Pauta do Congresso em ano eleitoral Antônio Augusto de Queiroz*

Com dois eventos em que o país literalmente para – Copa do Mundo e eleições –, a tendência do Congresso Nacional já a partir do mês de junho é deliberar pouco e evitar temas polêmicos. Isso interessa, sobremaneira, ao Poder Executivo, que está numa fase de profunda contenção do gasto público.

A

Câmara dos Deputados, que é a casa por onde se inicia a tramitação das proposições externas, entre as quais os projetos de lei em regime de urgência e as medidas provisórias, que trancam a pauta, é a que mais tem matérias pendentes de deliberação.

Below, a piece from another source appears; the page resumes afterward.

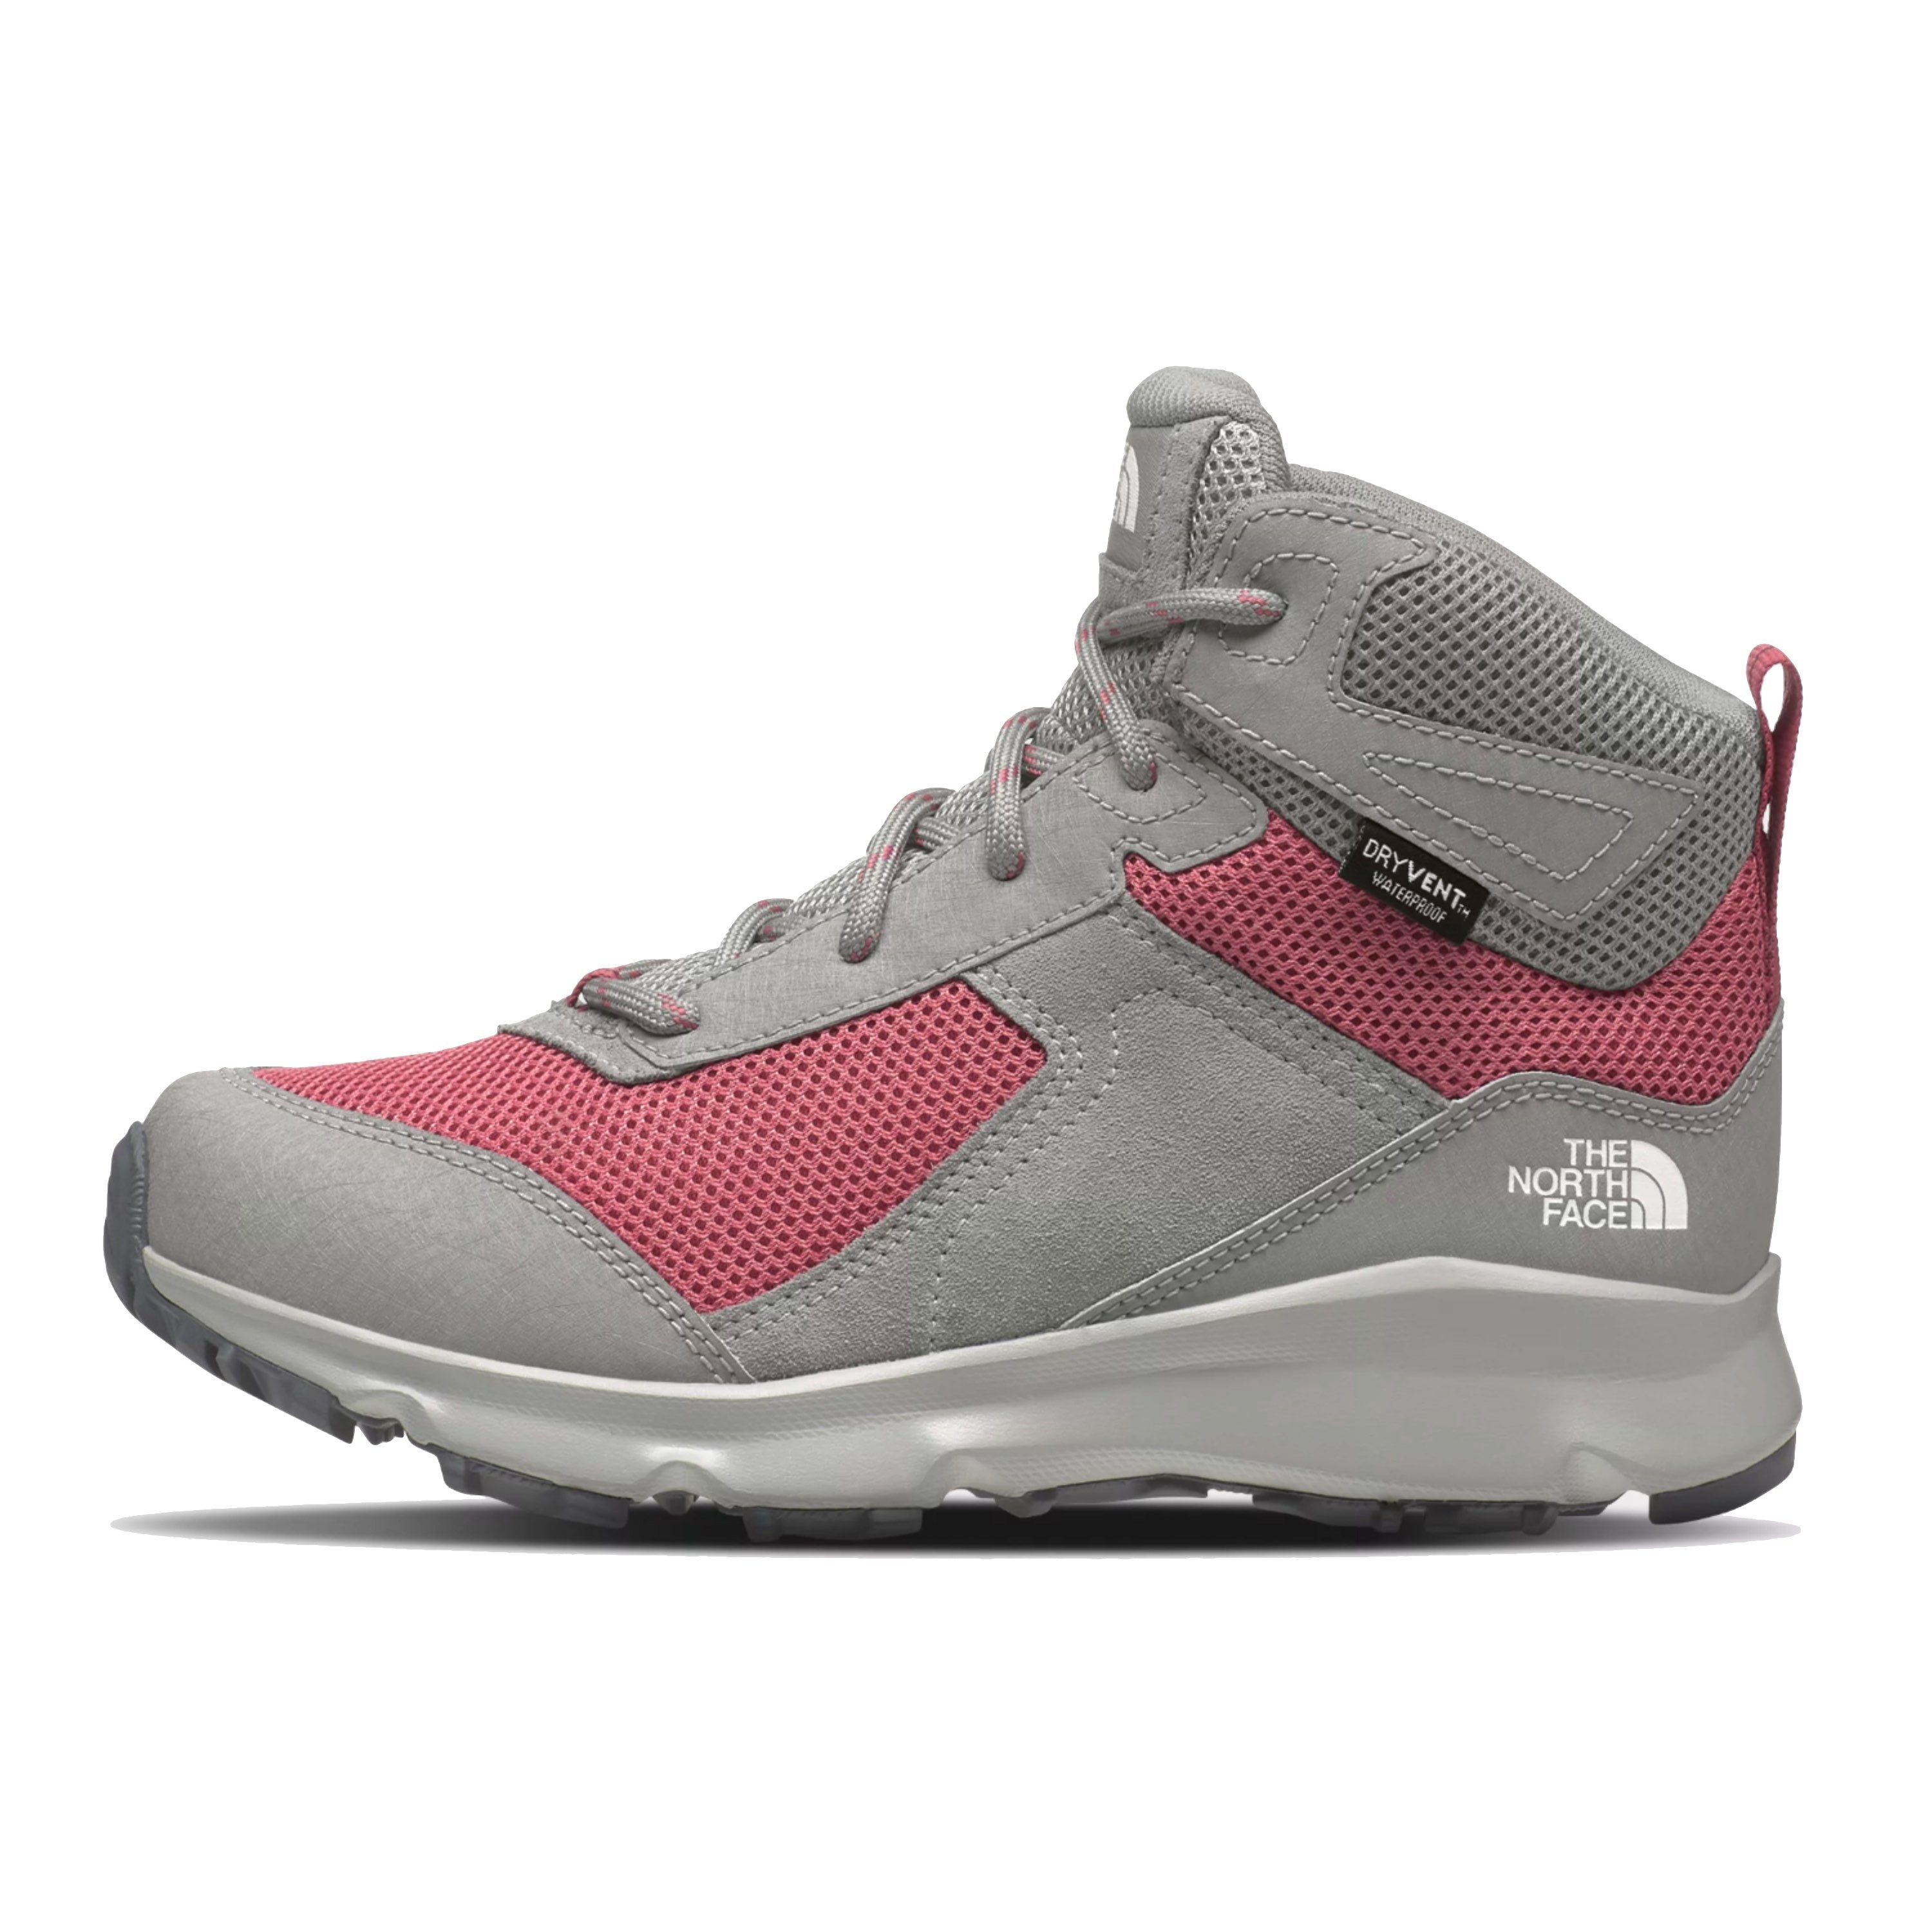 North Face Jr Hedgehog II Mid Waterproof Hiking Shoes - Mountain Kids Outfitters: Meld Grey / Slate Rose Color - White Background side view

Para complicar o quadro, a Câmara será mais afetada pelos eventos citados, especialmente a eleição de 2014, na qual será renovada a totalidade de sua composição, ao passo que o Senado renovará apenas um terço de suas cadeiras. A pauta da Câmara é ampla e inclui, além das medidas provisórias, uma série de proposições polêmicas, como o Código de Mineração, a reforma política, o orçamento impositivo, entre outras. Além desses temas, estão pendentes de votação matérias reclamadas durante as manifestações de junho de 2013, consideradas pauta bomba pelo governo, como a ficha limpa para os servidores públicos; a que torna a corrupção crime hediondo; a que determina a perda imediata do mandato de parlamentar condenado, em sentença definitiva, por improbidade administrativa ou crime contra a administração pública; a redução do número de suplentes de senadores, de dois para um; e o fim da aposentadoria para magistrados e membros do Ministério Público como forma de punição disciplinar. O Senado, por sua vez, além de priorizar os temas federativos, como o novo indexador das dívidas dos estados e municípios, e a modernização de alguns códigos – como o Penal, o Comercial e de Defesa do Consumidor –, deve pautar o projeto sobre passe livre nacional para estudantes e a Proposta de Emenda à Constituição (PEC)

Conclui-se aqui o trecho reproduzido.